B. A 2 kg box is placed on a smooth and frictionless surface. Initially, the box is at rest. A constant horizontal force of 10 N is applied to the box for 0.5 seconds. After this time, the force is suddenly removed, and the box continues to move on the frictionless surface.
(i) Calculate the acceleration of the box while the force is applied.
(ii) Explain how the momentum of the box changes during the force application?
(iii) If the force had acted for twice the time, how would the final velocity of the box change?

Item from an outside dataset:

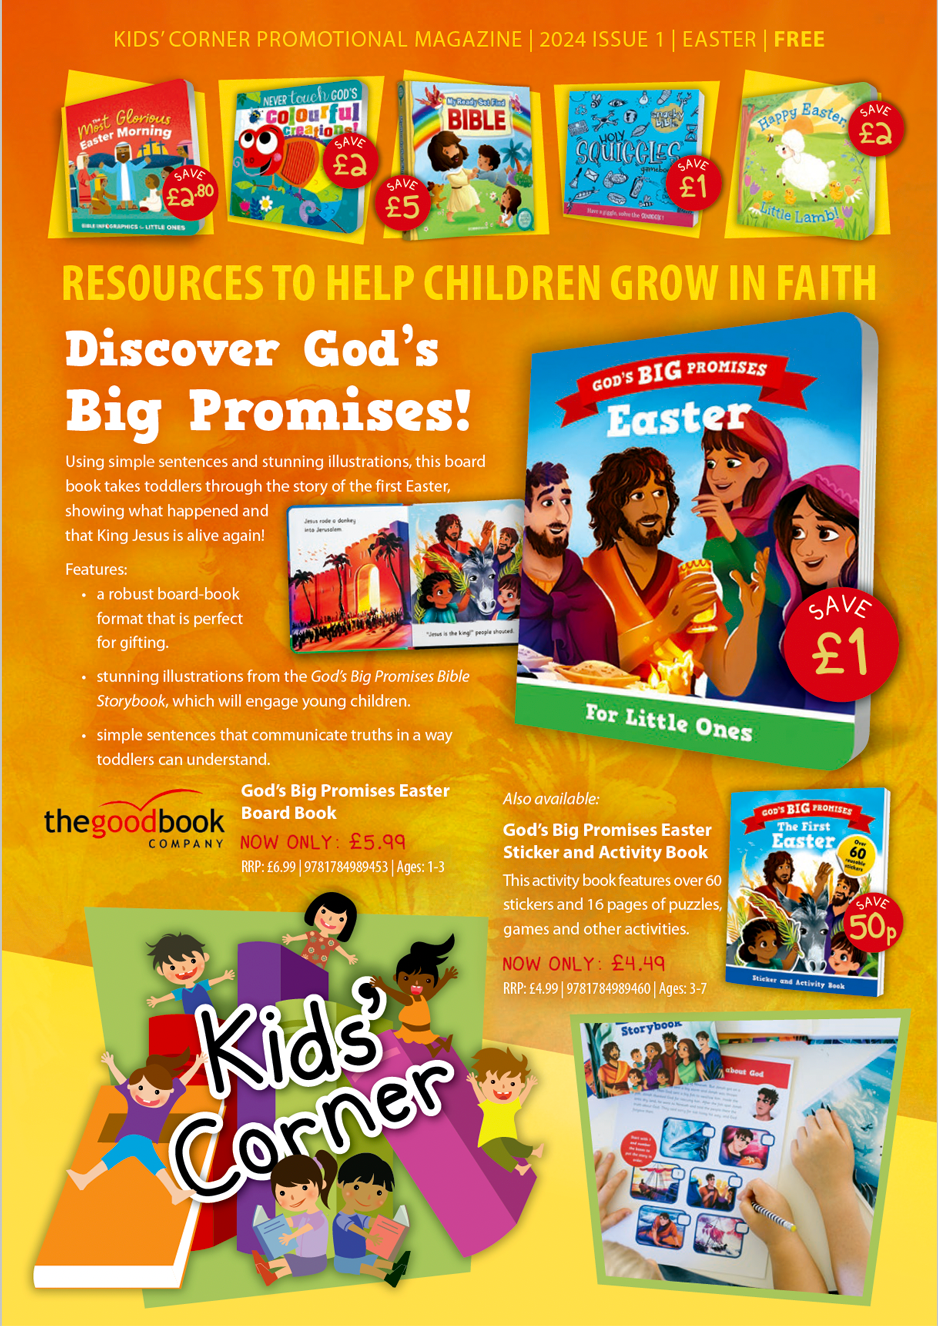 Kids Corner, Resources to help children grow in faith

Calculate the new velocity.
Answer:
Given, Mass of the box, m = 2 kg
Force applied, F = 10 N
Time of force application, t = 0.5 s
Initial velocity, u = 0 m/s
Surface is smooth and frictionless
(i) Using Newton’s second law,
a = \(\frac{F}{m}=\frac{10}{2}\) = 5 m/s2
(ii) Initially, the box is at rest, so its momentum is zero.
While the force is applied, the box accelerates, gaining velocity. As a result, its momentum increases from zero to a final value.
Using the impulse momentum theorem
Change in momentum = F × f
= 10 × 0.5
= 5 kg m/s
So, the momentum increases by 5 kg m/s in the direction of the force.
(iii) New time, t’ = 2 × 0.5 = 1 s
Acceleration, a = 5 m/s2
Using the first equation of motion v = u + at
= 0 + 5 × 1
= 5 m/s j
So, the new final velocity would be 5 m/s.
For full marks, mention using v = u + at with new time to calculate the updated final velocity.